From wikipedia.com -

  • The 1987 season was canceled; only conditioning drills (without pads) were permitted until the spring of 1988.
  • All home games in 1988 were canceled. The NCAA allowed SMU to play their seven regularly scheduled away games so that other institutions would not be financially affected and so that SMU could avoid uninsurable default liabilities to those schools if its failure to uphold the contractual obligation to appear for the competition was not beyond the school's control. The university ultimately chose to cancel the away games and accept the uninsured "failure to appear" liability.
  • SMU's existing ban from bowl games and live television was extended to 1989, and the team's existing probation was extended to 1990, resulting in essentially two full years of lost appearance, broadcast media, and advertising sponsorship income.
  • SMU lost 55 new scholarship positions over 4 years.
  • The team was allowed to hire only five full-time assistant coaches instead of the typical nine.
  • No off-campus recruiting was permitted until August 1988 and no paid visits could be made to campus by potential recruits until the start of the 1988–89 school year.

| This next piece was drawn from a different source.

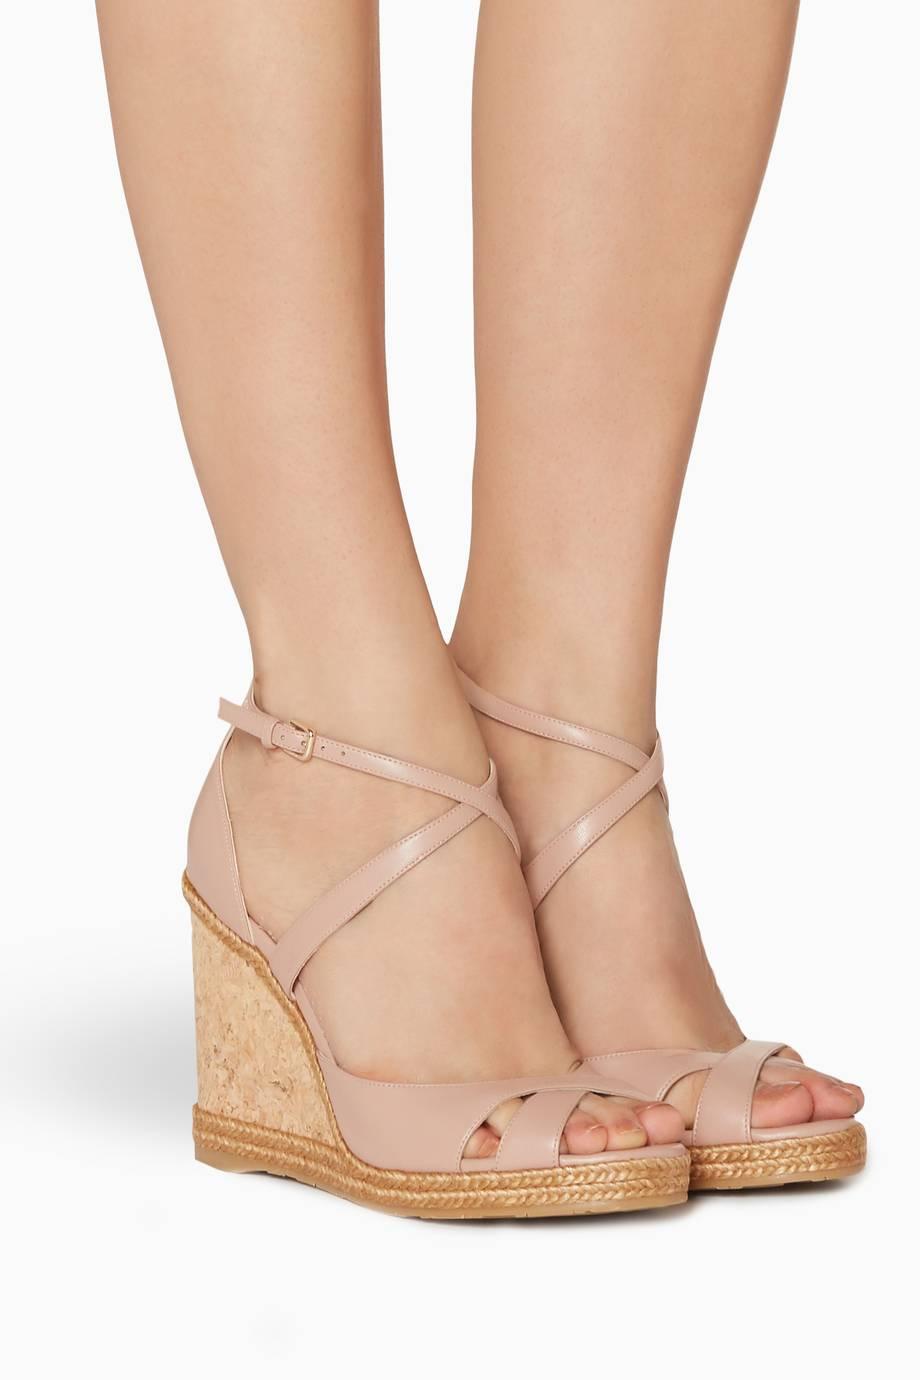 8ec4044cd08b Shop Luxury Jimmy Choo Ballet-Pink Alanah 105 Leather Wedges ...

Now, SMU is basically doing the same thing that destroyed their football program in the 80s, but now it's legal.

And, SMU's NIL agreement is a pretty interesting one.

SMU Boulevard Collective NIL Deal Paying Players Yearly Salary

According to brobible.com, SMU's Boulevard Collective revealed details about the school's NIL agreement to pay SMU football and basketball players a yearly salary.

With the NIL agreement, SMU football players would receive an annual salary of $36,000 per season.

The total for all athletes will cost the University $3.5 million annually.

brobible.com "the NIL deal is already one of the best in college athletics, and it could certainly entice top high school prospects to come aboard."